Of course, there is always the 15 per cent who seem able to juggle all the balls at once – keeping their families content, investing in an auto shop, an Internet café or new techniques and tools for the farm, but this minority can give a misleading impression of the impact of migration on the home society. Likewise, governments and employers in receiving countries tend to look at immigration in a lopsided way. For them it is a short cut – to keeping wages down, to filling jobs that locals would rather be unemployed than do: Working night shifts, dangerous jobs on building sites or filling the shortfalls in seasonal labour on the farms. Not least, it helps keep inflation down.
It is the easy way out. Job retraining on a massive scale, persuading companies to initiate work methods that attract native workers, and raising the retirement age so that the older but often still very physically and mentally fit members of society can continue to be contributing workers seem to be problems that the more developed economies of the world have difficulty in initiating.
Receiving countries have long taken a simplistic view of the long-term costs of immigration. The benefits are obvious – first-generation immigrants are young and vigorous, are prepared to work long hours at unpleasant jobs, do pay taxes and draw less on social funds and health services.
Their crime and unemployment rates are low and they dream of retiring back home. But governments have ignored for too long the costs – in particular the attitude of the sons and daughters of immigrants. After poor education they have adopted the attitudes of their local working-class peers. They are not going to do the base work their parents were prepared to do. They would rather be unemployed than sink so low.

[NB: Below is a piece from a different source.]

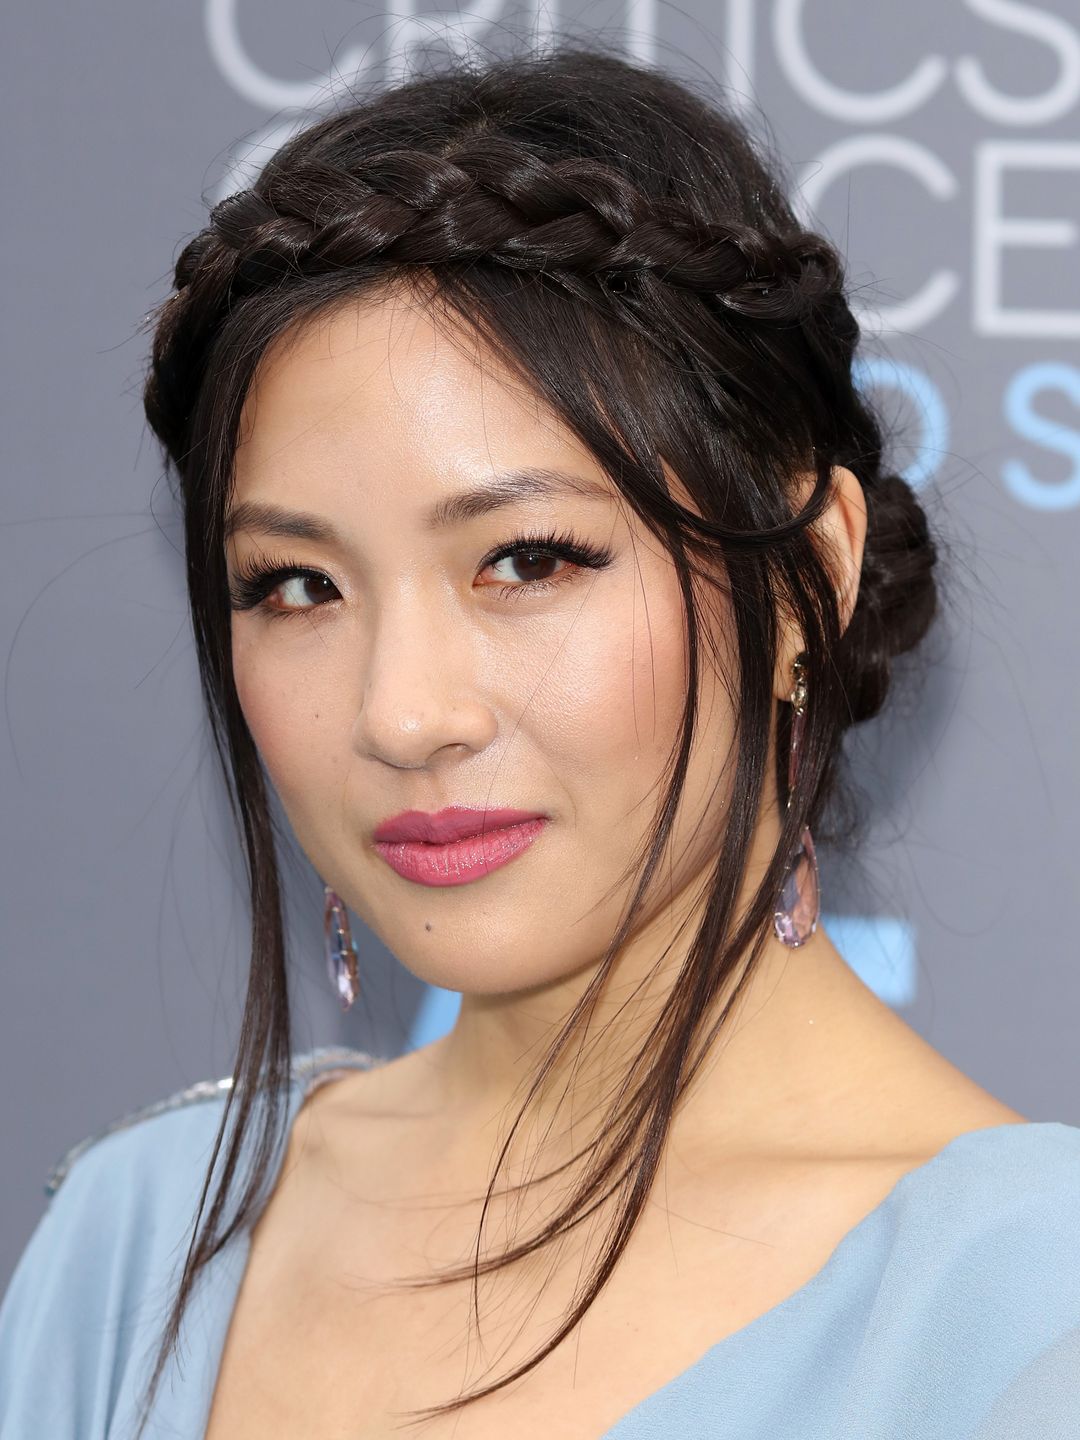 Constance Wu education
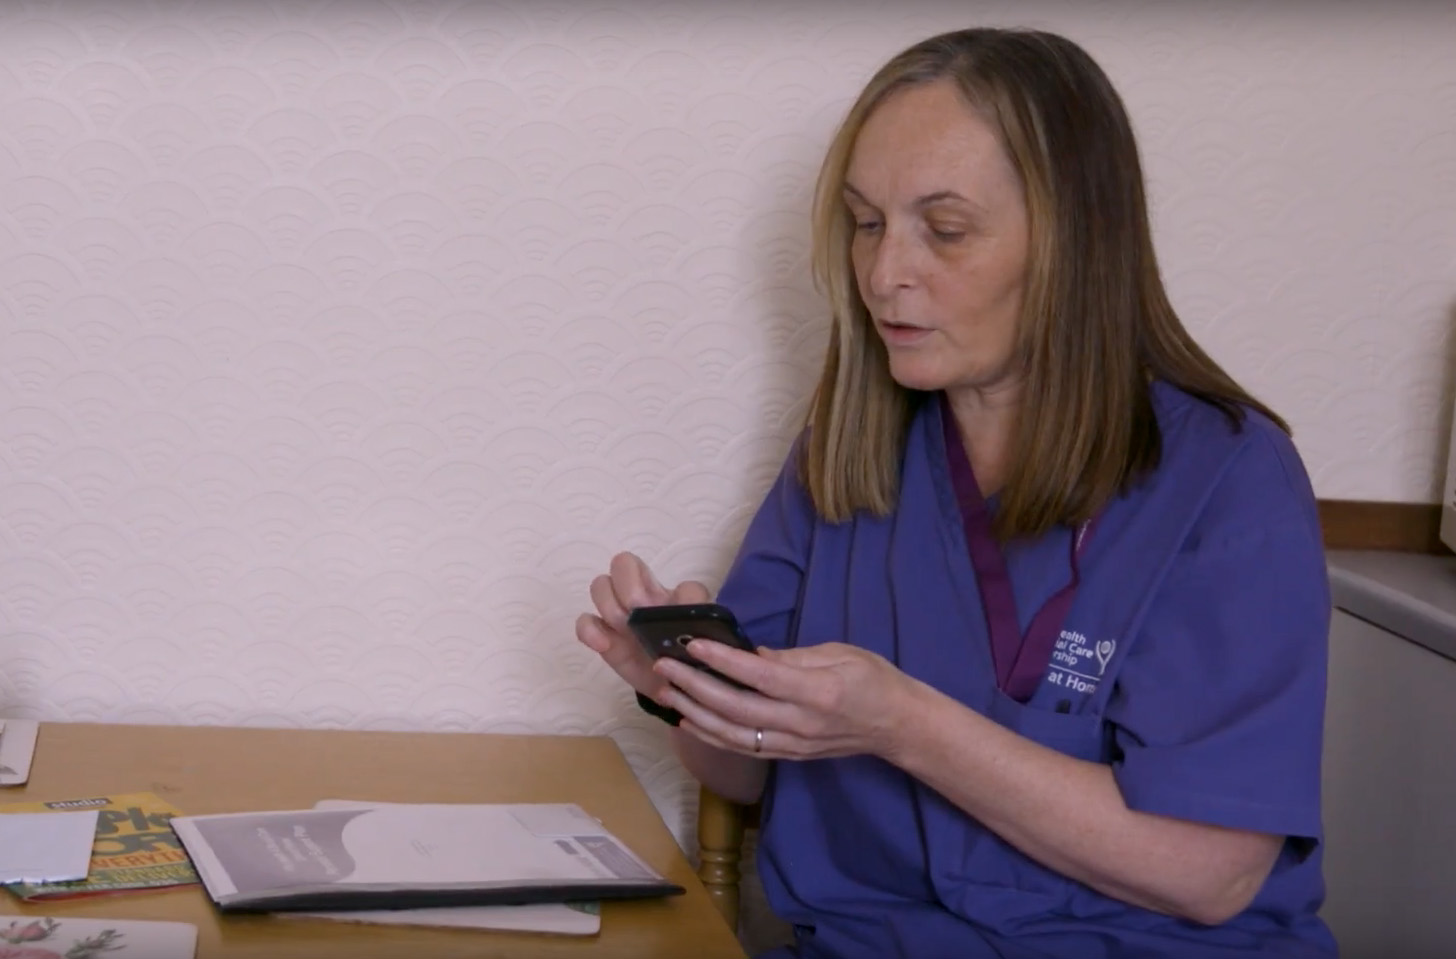 Fife Health and Social Care Partnership increases capacity by 30% through mobile working solutions

On balance this can be a negative contribution to society – taking out more of the social, educational and health services than they put in. Governments faced with uncompetitive industries have heaved a sigh of relief that immigrants can keep the show on the road.
In the UK in the 1960s it was easier to allow the cotton and wool mills of northern England to import workers from remote Pakistani villages to work long hours and night shifts than allow the industry to go bust. But go bust it eventually did, in the face of overwhelming competition from Third World producers and a reduction in trade barriers. The legacy is a bitter second generation who feel betrayed by their parents and the government.
Did Western governments think for two minutes what the build-up of large flows of migrants was having on their own population? Rarely. Right-of-centre politicians thought of the economic benefits. Left-of-centre politicians thought of the value of diversity, emphasising the cause of non-discrimination and conflating in their minds the real needs of refugees (who deservedly need a refuge, albeit one that should be only temporary) with those who were just economic migrants.
But the local working class who rub their shoulders with the immigrants became tired of taking the brunt of policies imposed by the elites. Hence the rise of right-wing political parties in Europe.
There’s the answer – economic development in the sending countries and retraining, increasing motivation and upping the retirement age in the receiving countries.